Since the start of the new school year, the Moscow-appointed authorities have intensified pressure on teaching staff and head teachers to align with Russian educational standards. School governors are being threatened; some have been abducted. If head teachers are unwilling to collaborate, they are replaced by persons loyal to Russia with or without the necessary qualifications. However, as very few local teachers are willing to collaborate, volunteers are being recruited from Russia. According to the independent Russia media outlet Mediazona, more than 200 teachers from Russia have volunteered so far. Parents are also coming under pressure: there are reports of parents being threatened with deprivation of their parental rights if they refuse to register their children with a Russian-controlled school.
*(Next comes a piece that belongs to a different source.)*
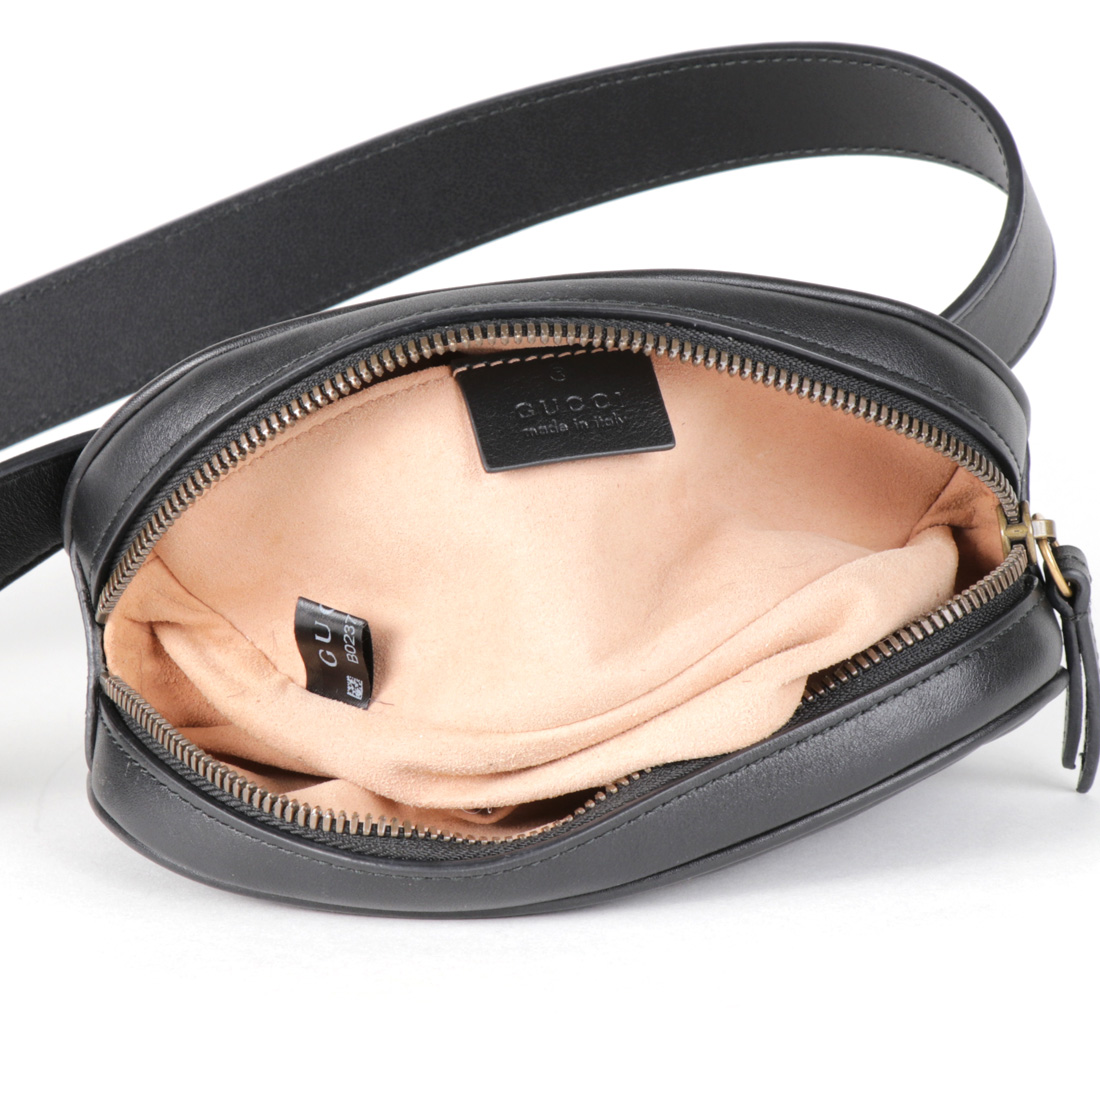 Gucci GG Marmont Matelassé Leather Belt Bag | The Lux Portal
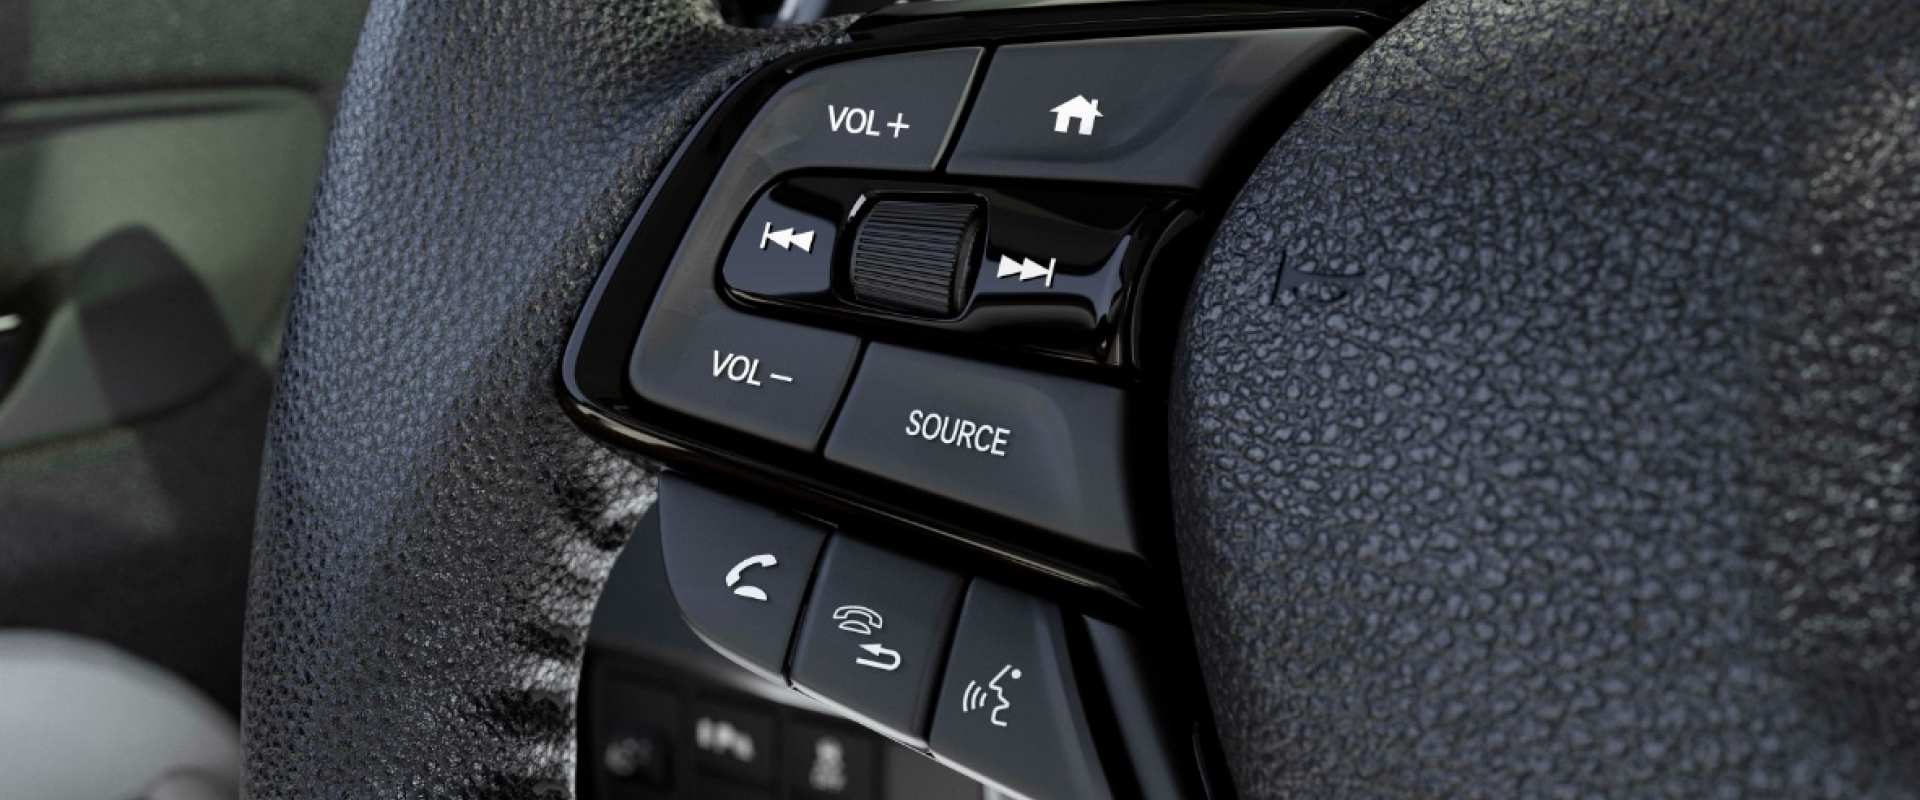 Honda City Hatchback - Bluetooth com HFT e função Voice Tag

Russification of the school system
Mariupol is a particularly striking example. Soon after Russia seized control of this devastated and depopulated city, the occupation authorities announced that the school year would be extended until 1 September; they also organised summer courses for the children who remained in the city in order to ‘improve their Russian language skills’. By May, the occupying forces had identified just 53 teachers who were prepared to collaborate – in a city whose population had numbered half a million before the invasion. Teachers from Mariupol who were willing to collaborate were sent to the Russian city of Rostov-on-Don for retraining; after completing the programme, they were awarded an official ‘diploma’ as teachers of Russian and Russian history. In order to make up for the shortage of teaching staff, teachers and educators were sent to Mariupol from the self-declared Donetsk People’s Republic. There are, simultaneously, numerous initiatives by teachers who were forced to flee Mariupol and wish to continue teaching according to Ukrainian standards. One is a private ‘lyceum’ set up by teachers from Mariupol’s School No. 56, which provides lessons for children regardless of their place of residence.
Online learning is not a permanent solution, however. It depends on access to the Internet, poses problems for working parents with younger children and may well put families at risk as soon as the occupation authorities start sanctioning Ukrainian ‘underground’ schools.
In 2017, Ukraine made a successful start on the comprehensive reform of its school system, aimed at bringing the system into line with European standards. It has made significant progress in this direction, despite the unprecedented challenges posed soon afterwards by the Covid pandemic and now the war. No matter how long the war lasts, education – and, with it, the future of Ukraine – must not become one of its victims.
Dr Tatiana Zhurzhenko is a researcher at ZOiS, where she works on the project ‘The Liberal Script in Ukraine’s Contested Border Regions’.